Using several empirical datasets and many simulated datasets in this study, I show PopCluster is in general advantageous over existing model-based admixture analysis methods. It is fast, capable of analysing both small multilocus genotype data such as a few microsatellites and large genomic data of millions of SNPs, and is accurate in various sampling conditions and actual population structures. However, in some situations, STRUCTURE could yield more robust and more accurate results than PopCluster. One of these situations is when sampling is highly unbalanced among populations and the markers are not highly informative (e.g., just a few microsatellites). In such a case, both PopCluster and STRUCTURE could recover the number of populations (as the optimal K value) represented by the sample, and reconstruct the admixture of the sample analysed at the optimal K value. For analyses conducted at a higher number of populations (say, K + 1 and K + 2), while STRUCTURE can still yield admixture estimates similar to those obtained at K, PopCluster sometimes splits the largest cluster into 2 or more clusters with “confidence” (i.e., with little admixture inferred for the individuals in the split clusters). Therefore, I suggest that, wherever possible, a real dataset be analysed by multiple admixture inference methods, with results carefully examined, compared among methods and with external information (such as sampling locations) not utilised in admixture analyses before reaching a conclusion.
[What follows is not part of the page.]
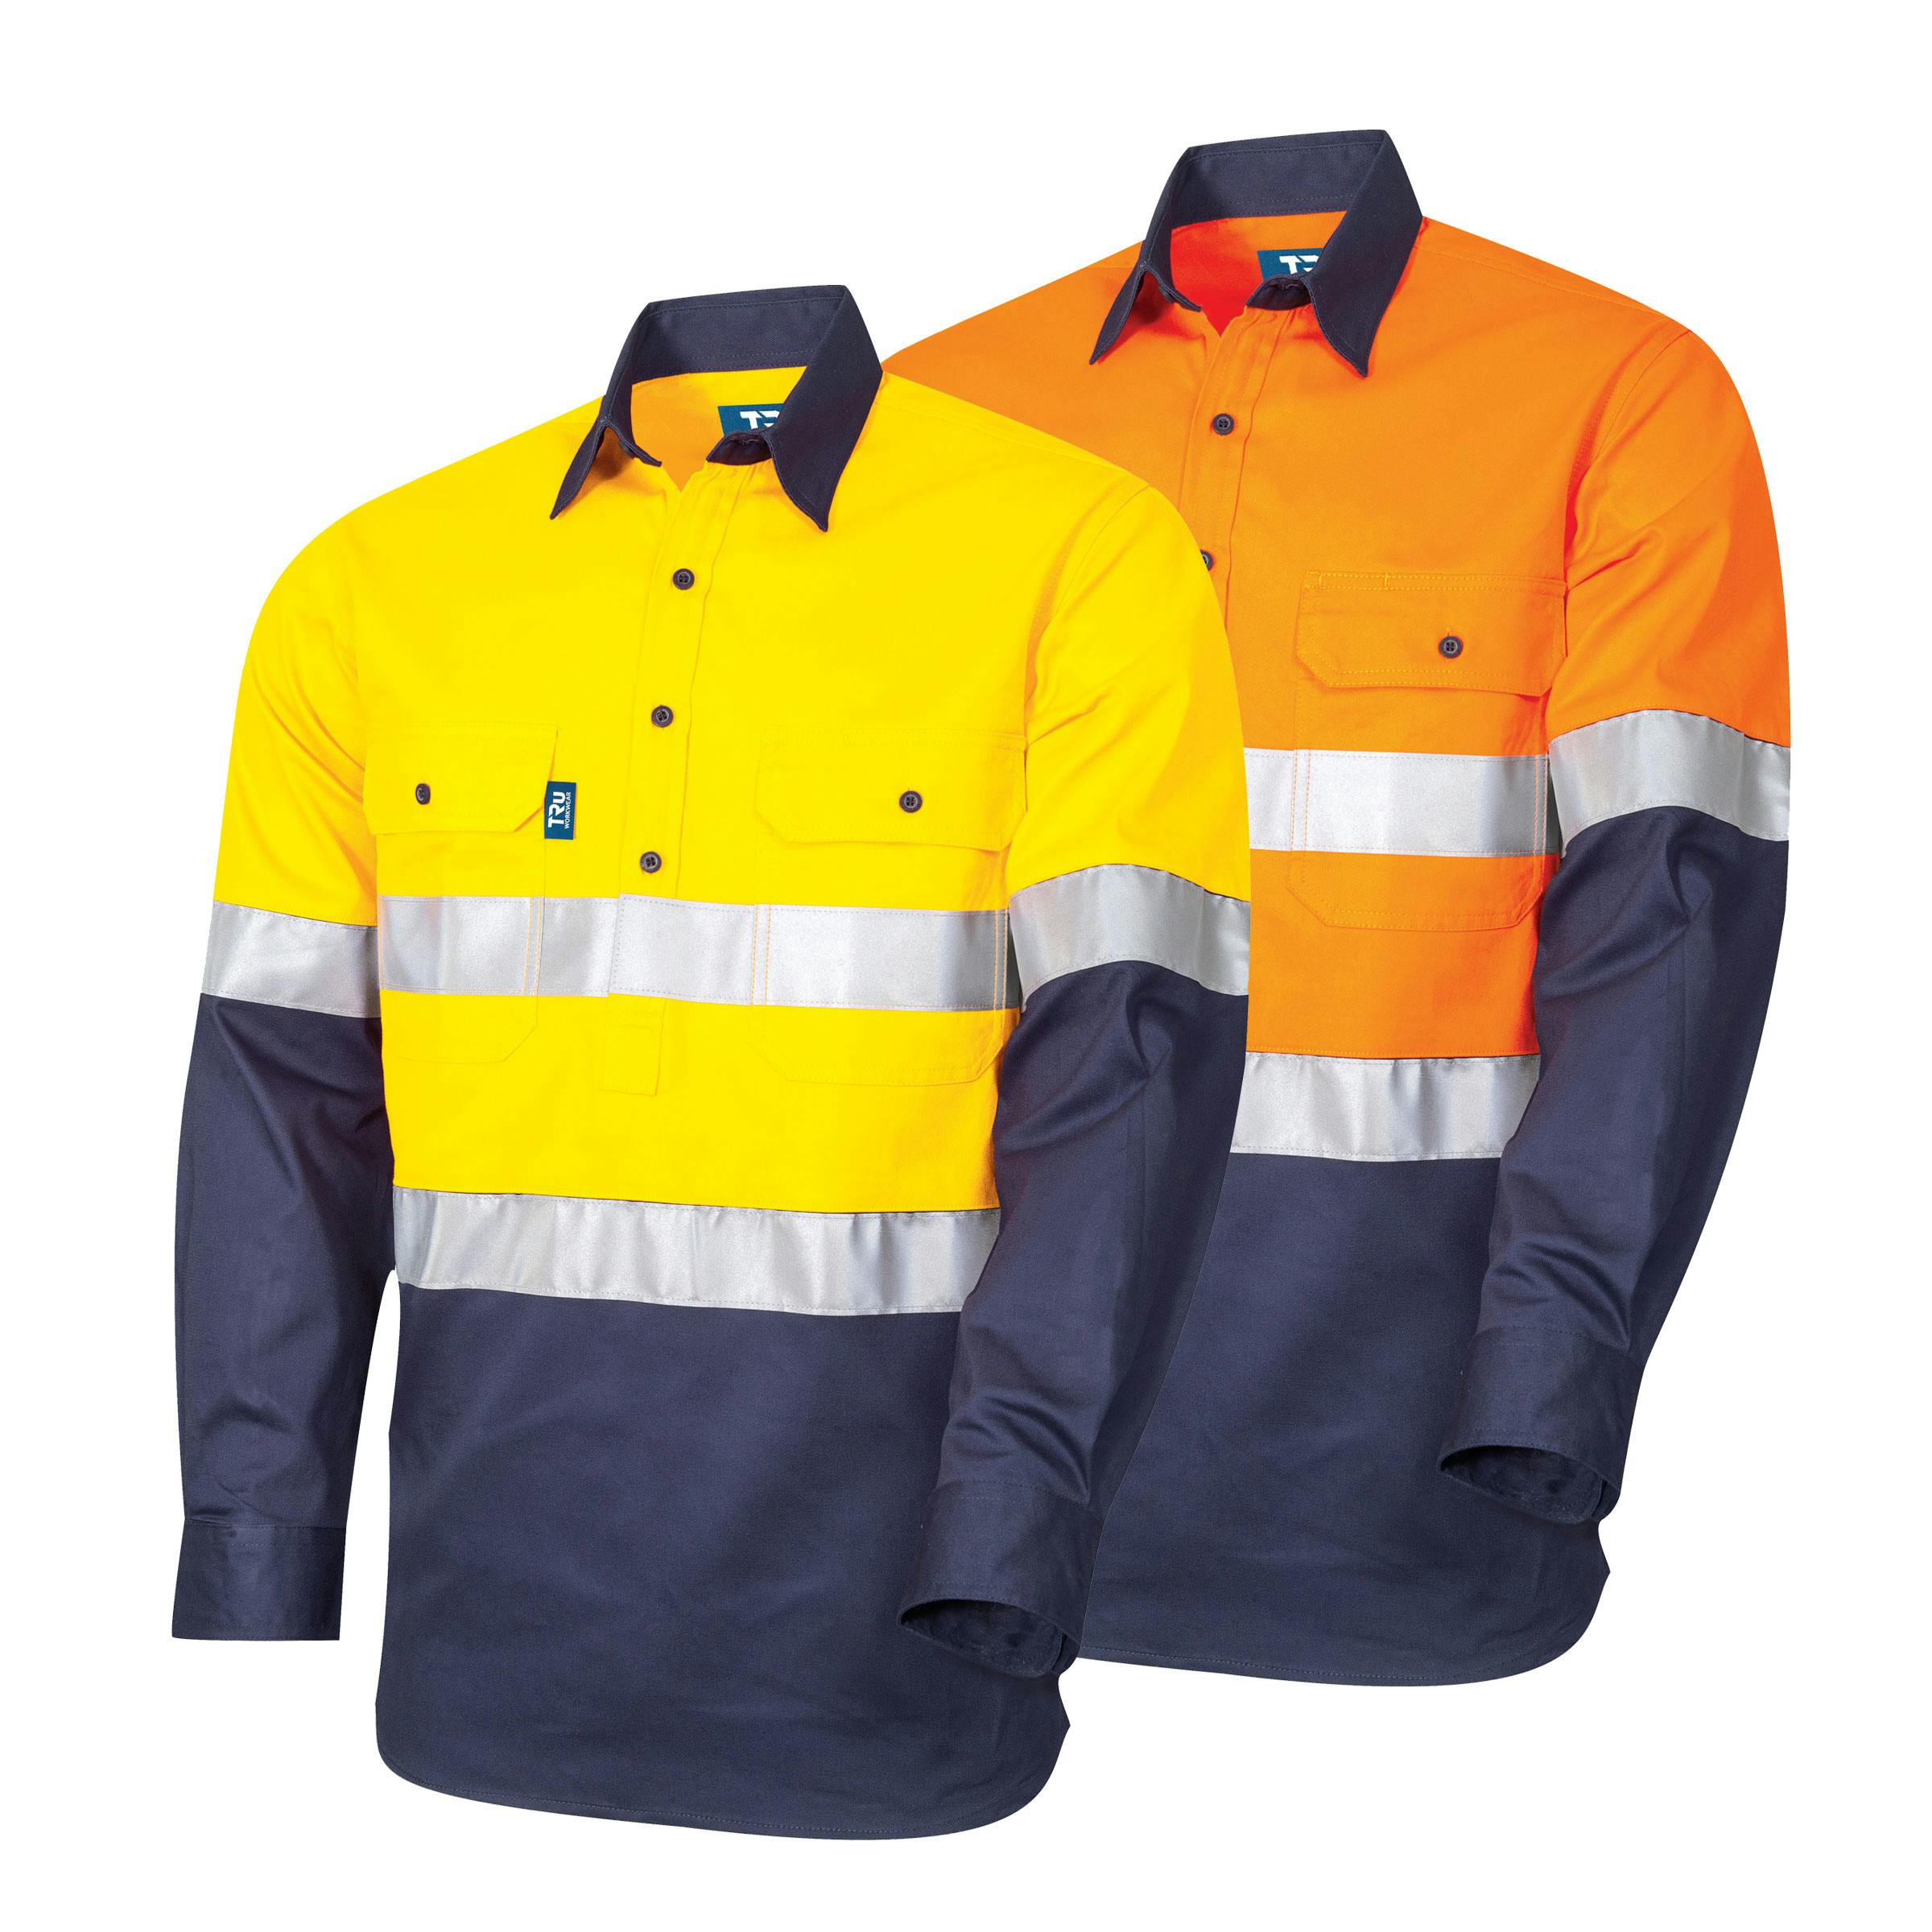 TRu Workwear Shirt 160gsm Closed Front L/S Gusset Cuffs Two Tone Cotton Drill With Horz Vents And 3M Two Hoop Reflective Tape
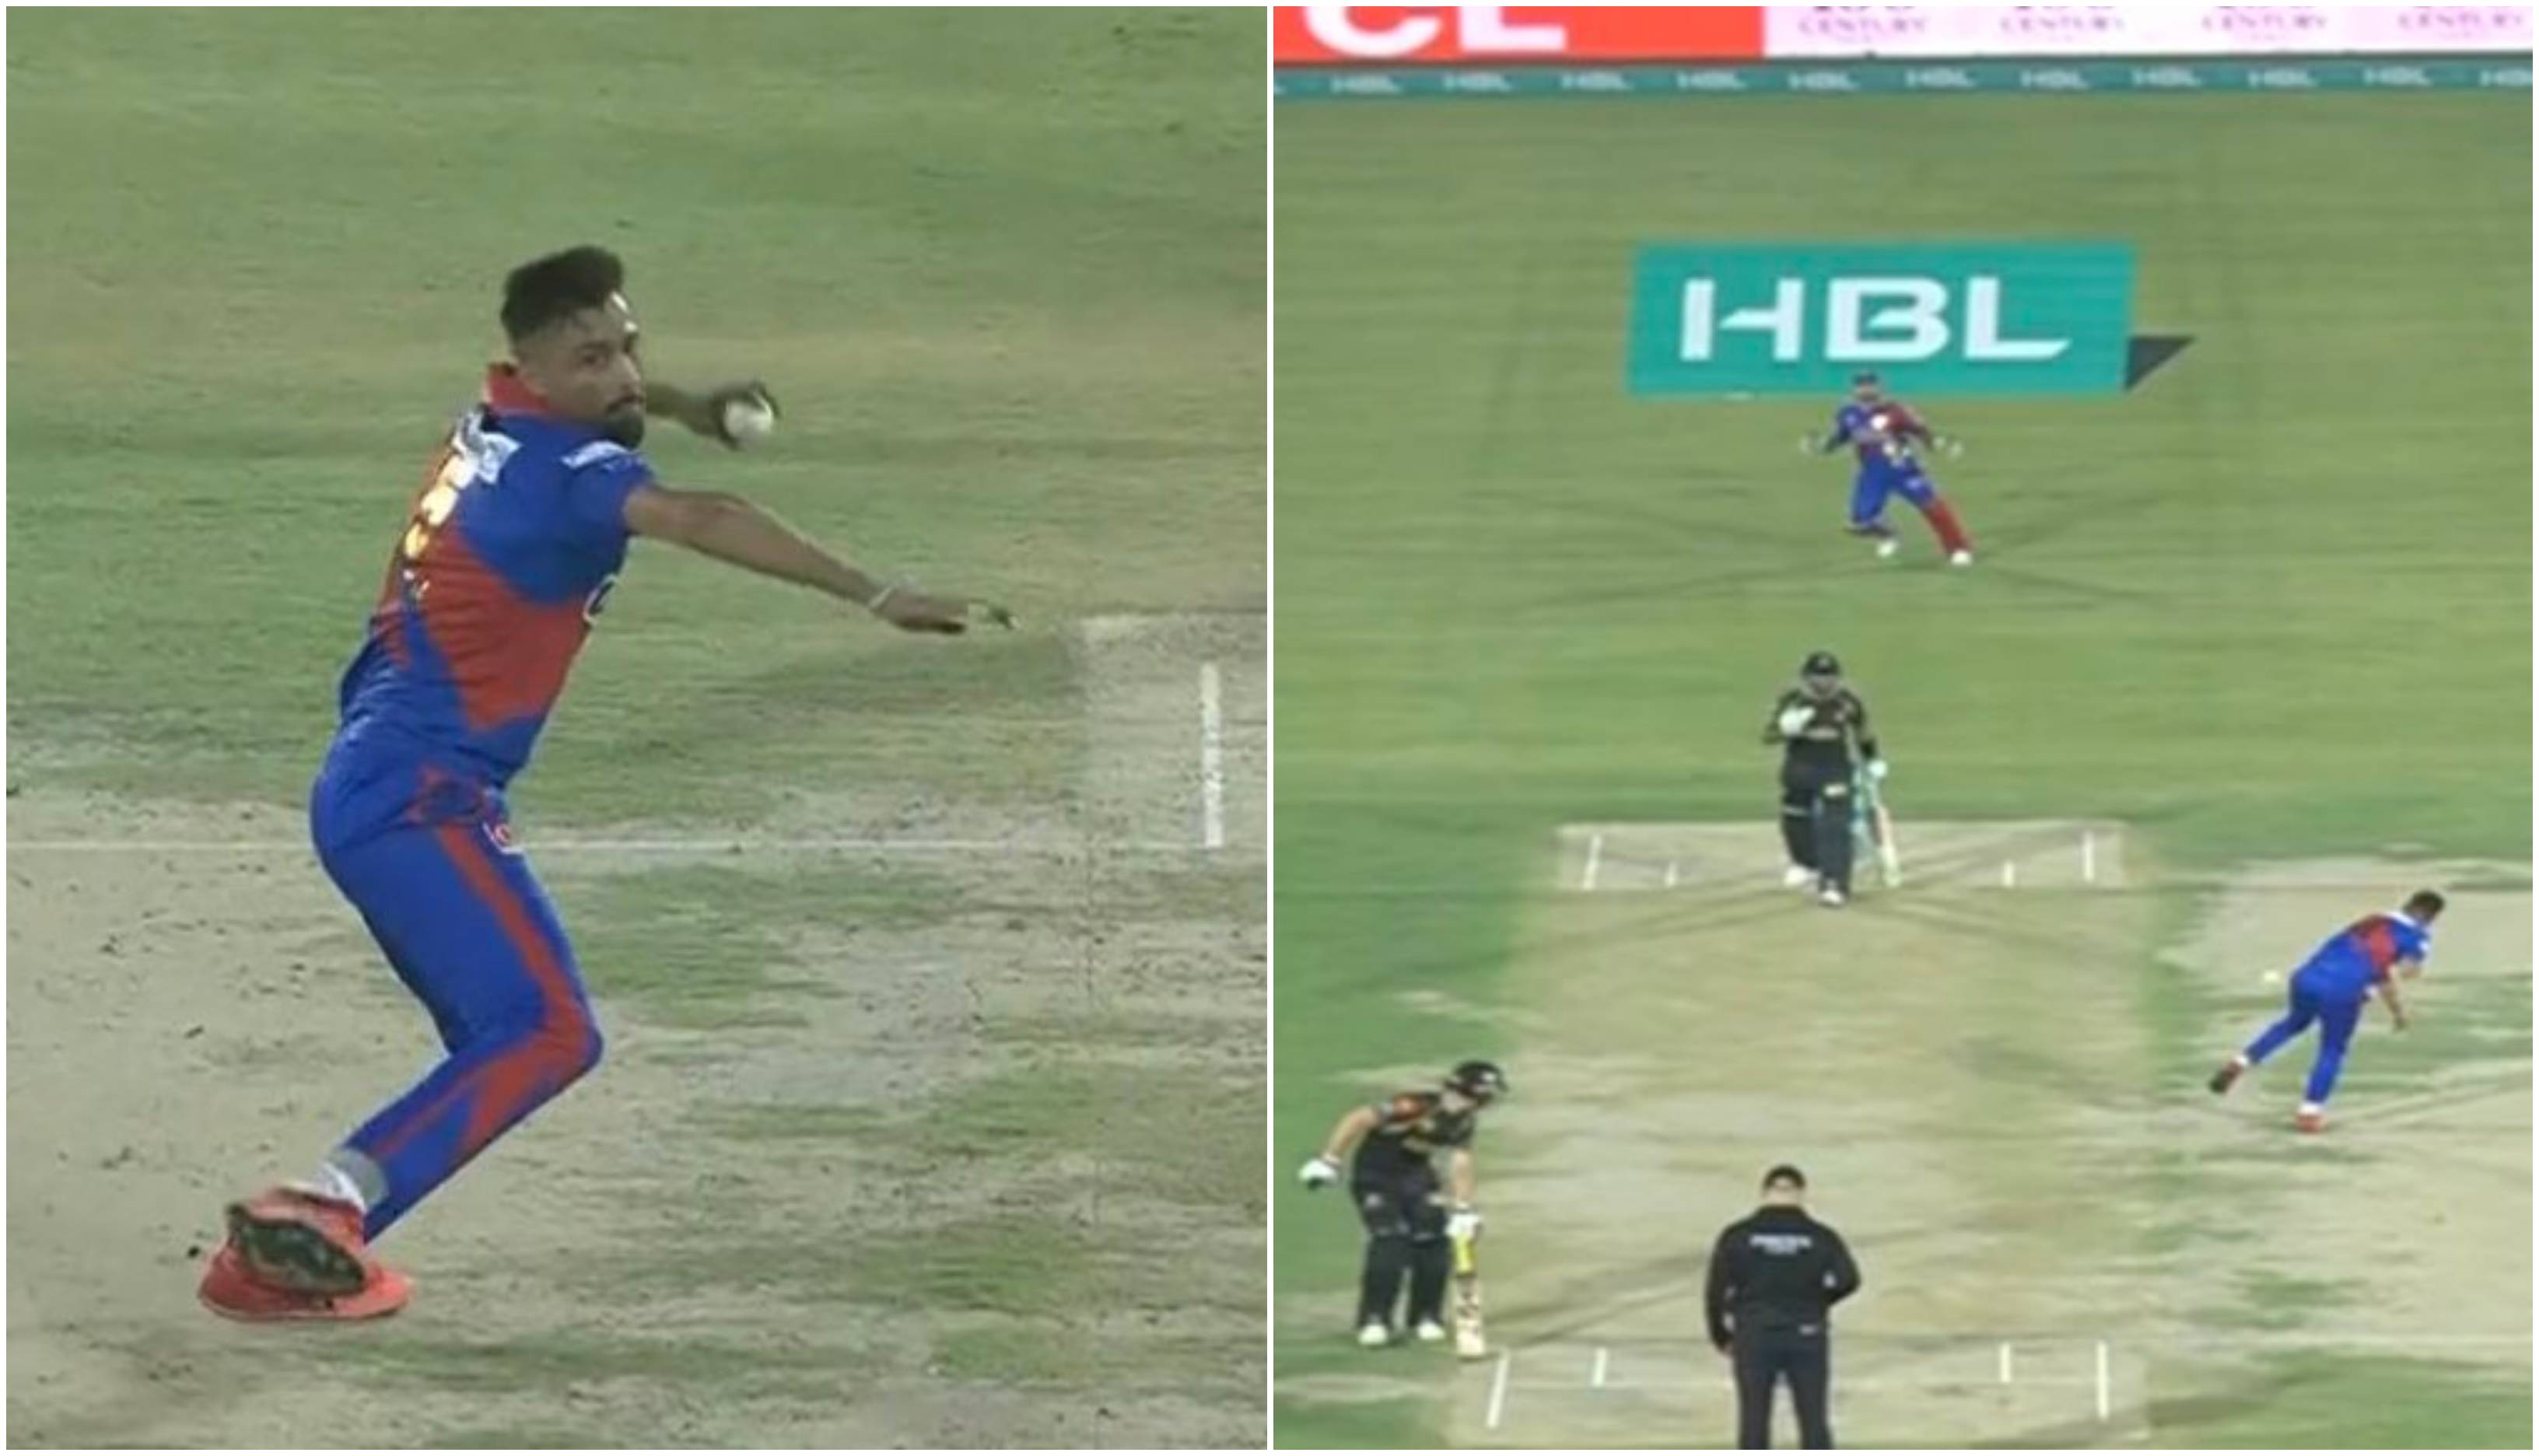 Mohammad Amir threw the ball in anger | Screengrab

The software package PopCluster described in this work is available for download from my website https://www.zsl.org/science/software/popcluster. It includes executables for Windows, Mac and Linux platforms, user’s guide and example datasets. For Windows, it also includes two additional components. One is a graphical user interface that facilitates the input of data and parameters, and the viewing of analysis results in tables and graphs (including the admixture stacked bar charts with user defined colours). The other is a simulation module that generates simulated genotype data under admixture, hybridisation or migration model for analysis by PopCluster, STRUCTURE or other methods.